The race has always been run at nine furlongs, though it was run on dirt from its inception in 1939 until 1973. Miss Grillo was its first two-time winner, in 1946 and 1947; despite her wins being in the dirt days, she is currently the namesake of a turf stakes for sophomore fillies at Belmont. Since her, the winners' list reads like a who's who of stakes namesakes in New York: Busanda (1952), Tempted (1959-1960), Shuvee (1970-1971), Waya (1978), Just a Game II (1980), De La Rose (1981), Wild Applause (1984), and Wonder Again (2004). Gamely, a Grade I stakes namesake at Santa Anita, also won the Diana in 1969.
Zagora kicks clear to win the 2011 Diana Stakes, giving trainer Chad Brown his first ever Grade 1 win. Brown sends two mares into this year's edition of the Diana, LADY ELI and ANTONOE.
DICKINSON rattled off three wins in a row through the winter and spring, but missed by less than a length to ANTONOE in the Just a Game (G1) at Belmont last out. However, DICKINSON has the upside to improve here, and should be able to turn the tables. That Just a Game was her first race in almost two months, and DICKINSON should be sharper here. The short field should also help DICKINSON -- she should be a bit more forwardly placed than that foe. She can take the initiative if she wants it, and get first jump on forwardly placed Shug McGaughey runner MY IMPRESSION if rider Paco Lopez judges that best. The change in distance should also help DICKINSON. That last out was just a mile -- but her better races earlier in the year came at eight and a half or nine furlongs, and she has two wins in two tries at today's nine-furlong trip.

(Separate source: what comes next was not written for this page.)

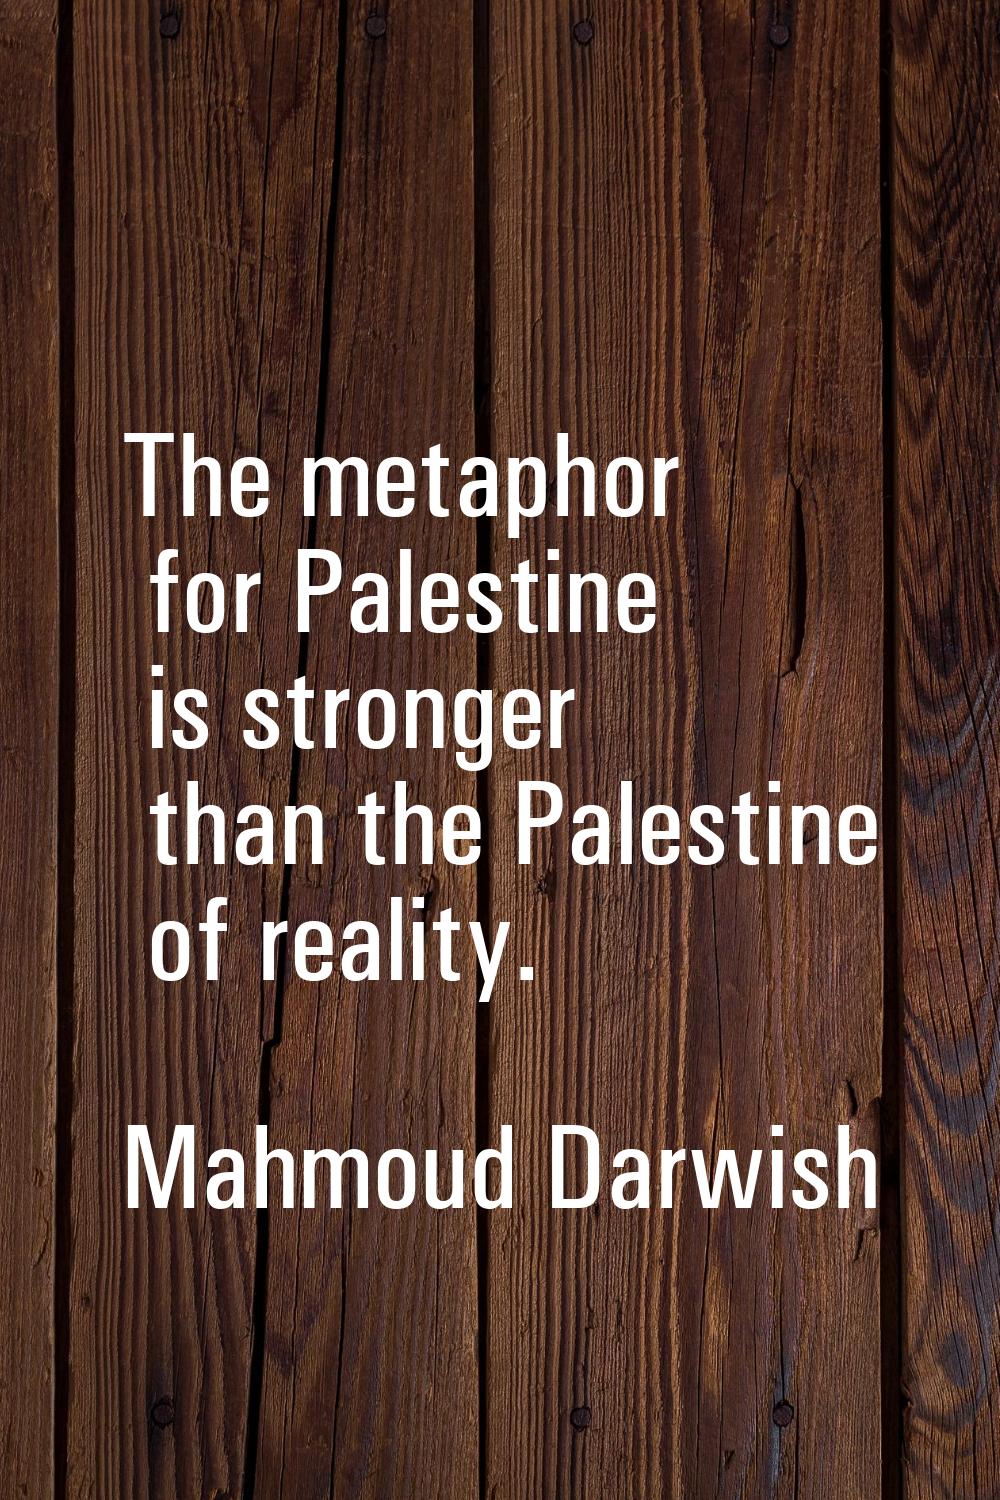 The metaphor for Palestine is stronger than the Palestine of reality.

Chad Brown sends a pair in here, and as can almost always be said about the horses he enters in New York turf races, they're both live. The aforementioned ANTONOE appeals a bit more. Though DICKINSON gets the nod on the stretch-out and the more forward placing, it would be no surprise to see ANTONOE outkick her home anyway. The dazzling late foot she found in the Just a Game (G1) may be enough to win this race no matter what, and marked her a rising star in the filly and mare turf division. Though this will be ANTONOE's first time going longer than a mile and a sixteenth, her breeding suggests the distance should be within her grasp.

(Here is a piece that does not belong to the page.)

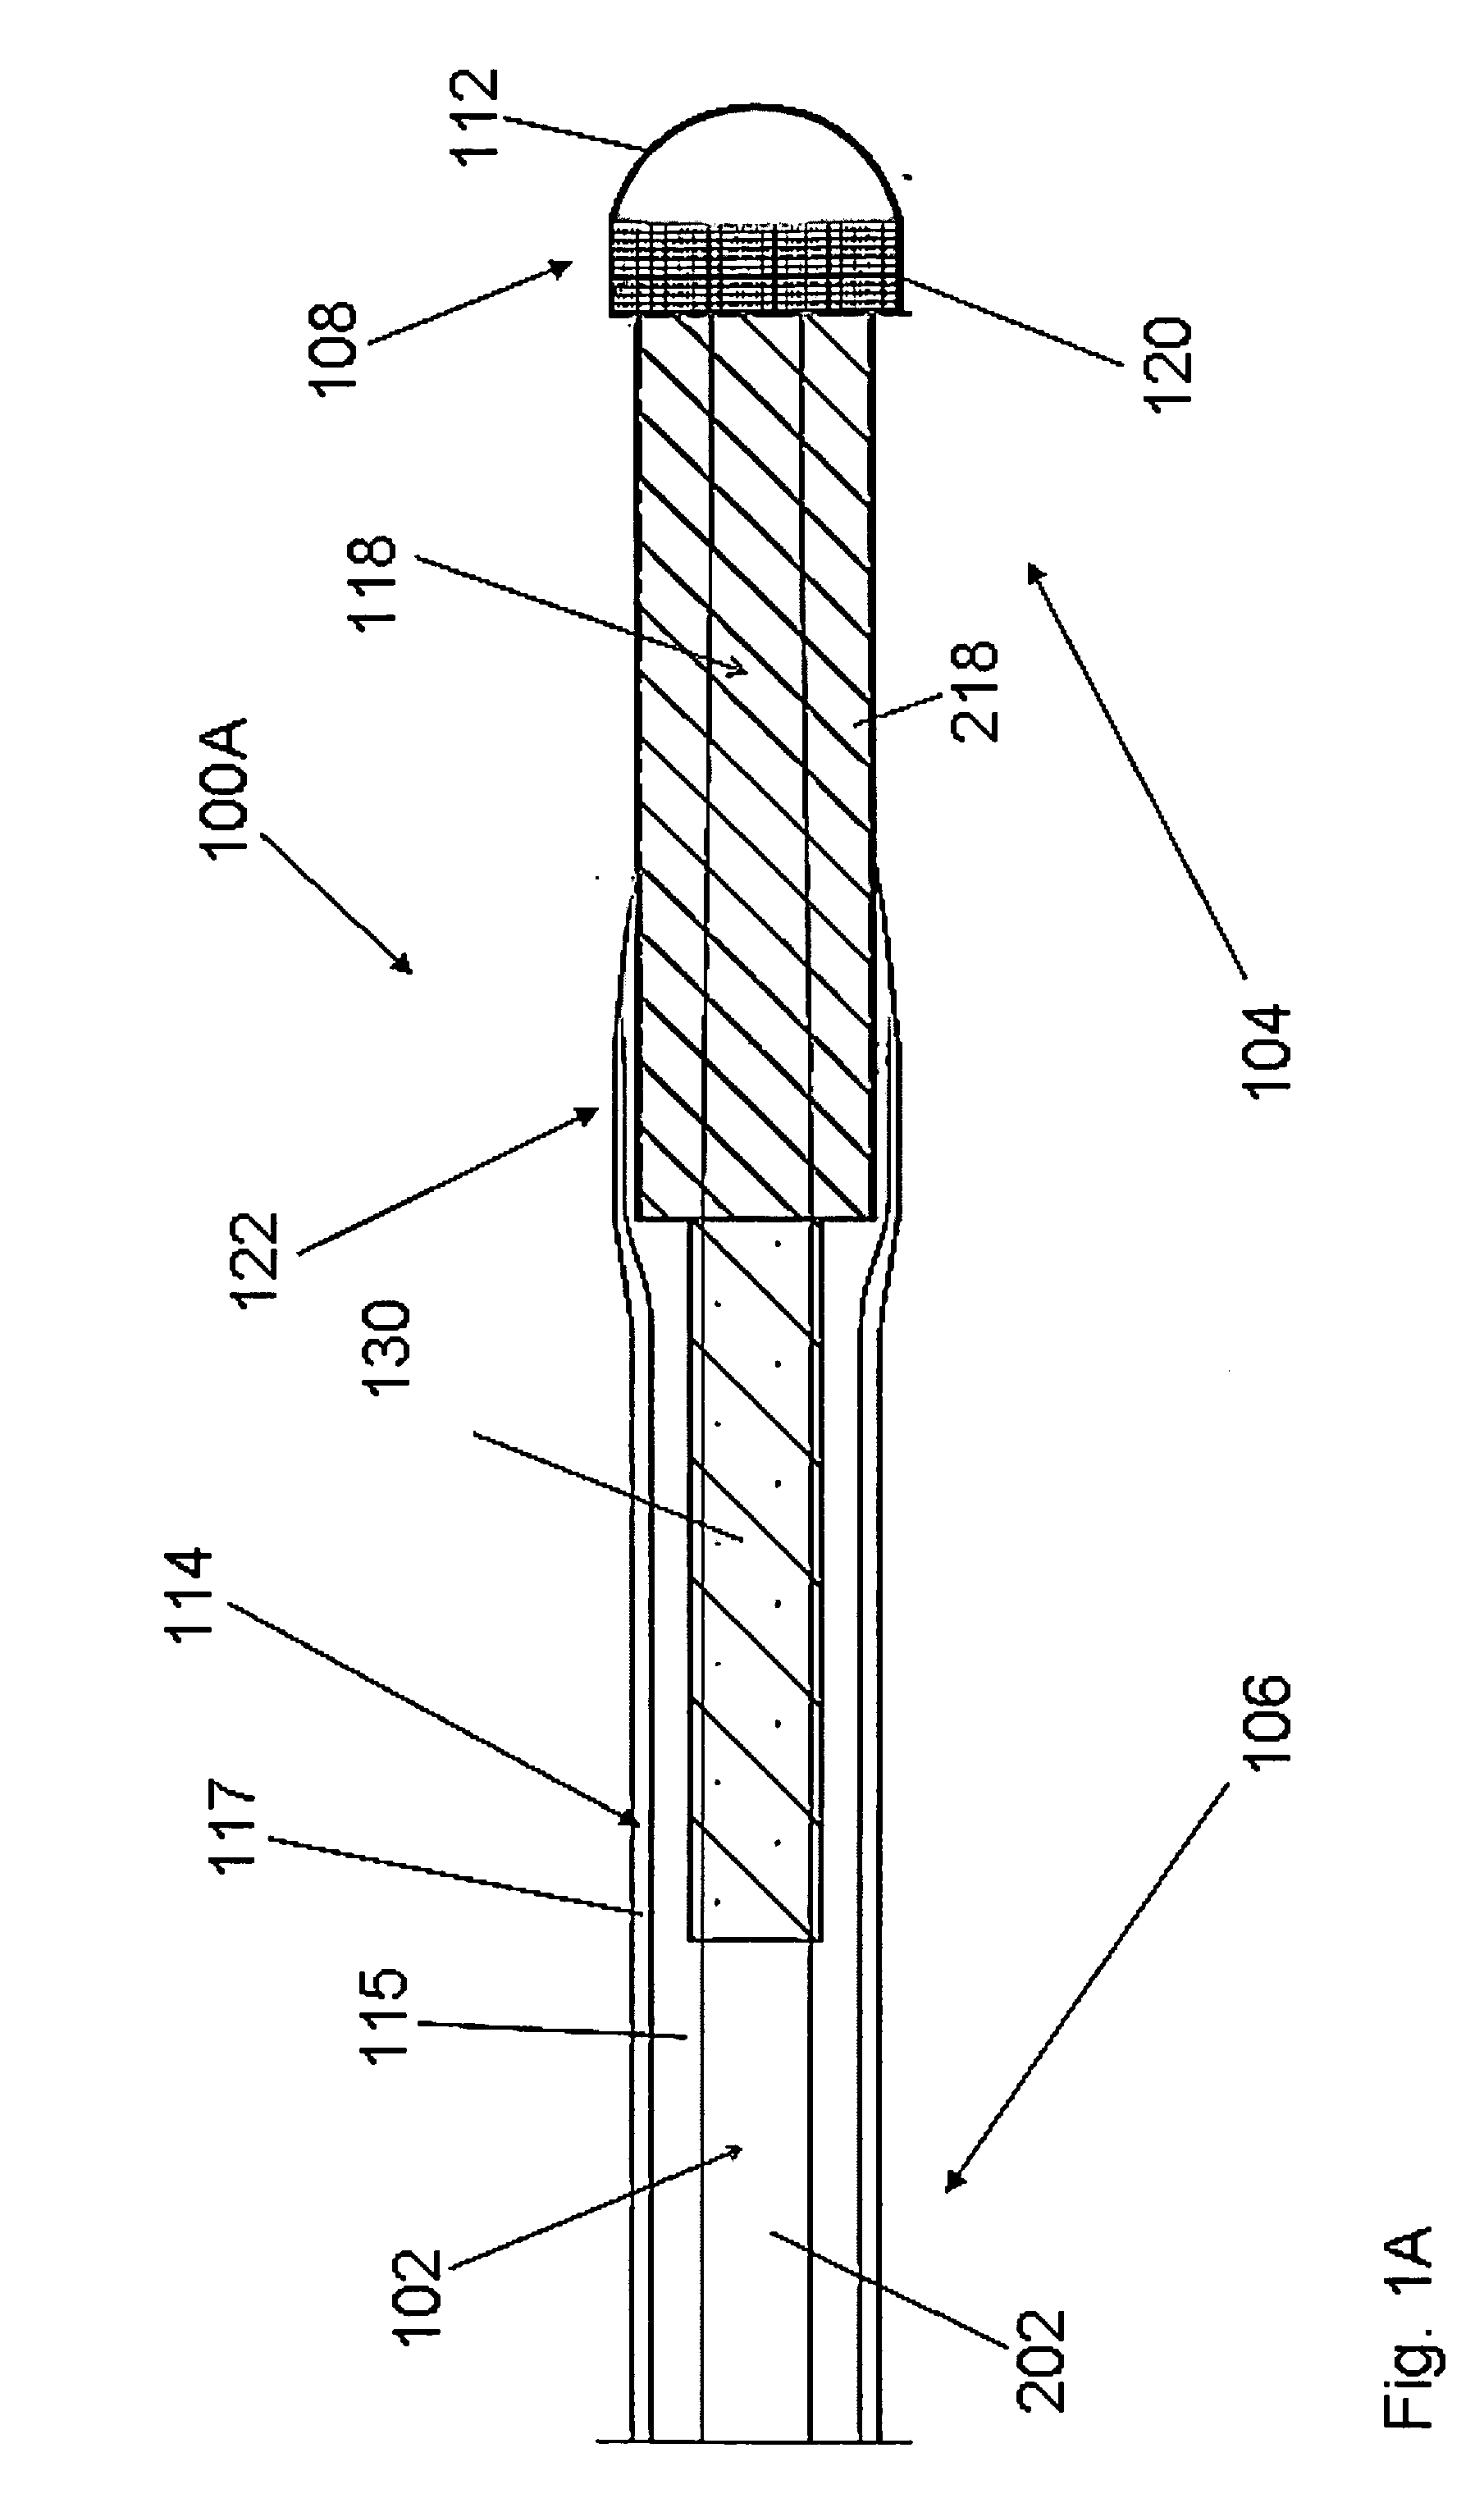 Electrosurgical device for creating a channel through a region of tissue and methods of use thereof

The other Chad Brown entrant -- and your likely betting favourite, given her proven class and her fan favourite status -- is LADY ELI. Would her best win this? Sure, it would. She is two-for-two at the nine-furlong distance, and has a win and a close second in two tries at Saratoga. She is tactical enough that the short field would not hurt her, and she has every right to be back at her best (or close to it) while making her third start of the year. There's little bad to say about her -- but there's so little bad to say about all the key contenders here, as they are in-form, Grade 1 horses. It's hard to take chalk on LADY ELI with live runners at a bit better price, but as a defensive use, she makes sense.
#6 DICKINSON (9/2)
#2 ANTONOE (3/1)
#3 LADY ELI (4/5)
Longshot: Usually the longshot writer takes a pass on these six-horse races. But, if you're really looking to play a price here, #1 HARMONIZE (20/1) has some upside. The question remains whether the daughter of Scat Daddy has taken the necessary step forward from age three to age four, as her three starts this year have been disappointing. But, they have all come at a flat mile. Here, she stretches out to a mile and an eighth, a distance at which she showed proper Grade 1 form last year. She also has form at the Spa, with a win and a second in two tries. Her best running style had her rallying off the pace, so HARMONIZE hopes that things get feisty up front between DICKINSON and MY IMPRESSION. However, should that happen she has a shot. HARMONIZE is not the sort of horse here on whom you can take chalk. But, if she drifts back to be the longest shot on the board, or close to it? Longshot players and contest players should find enough upside in HARMONIZE to take the shot.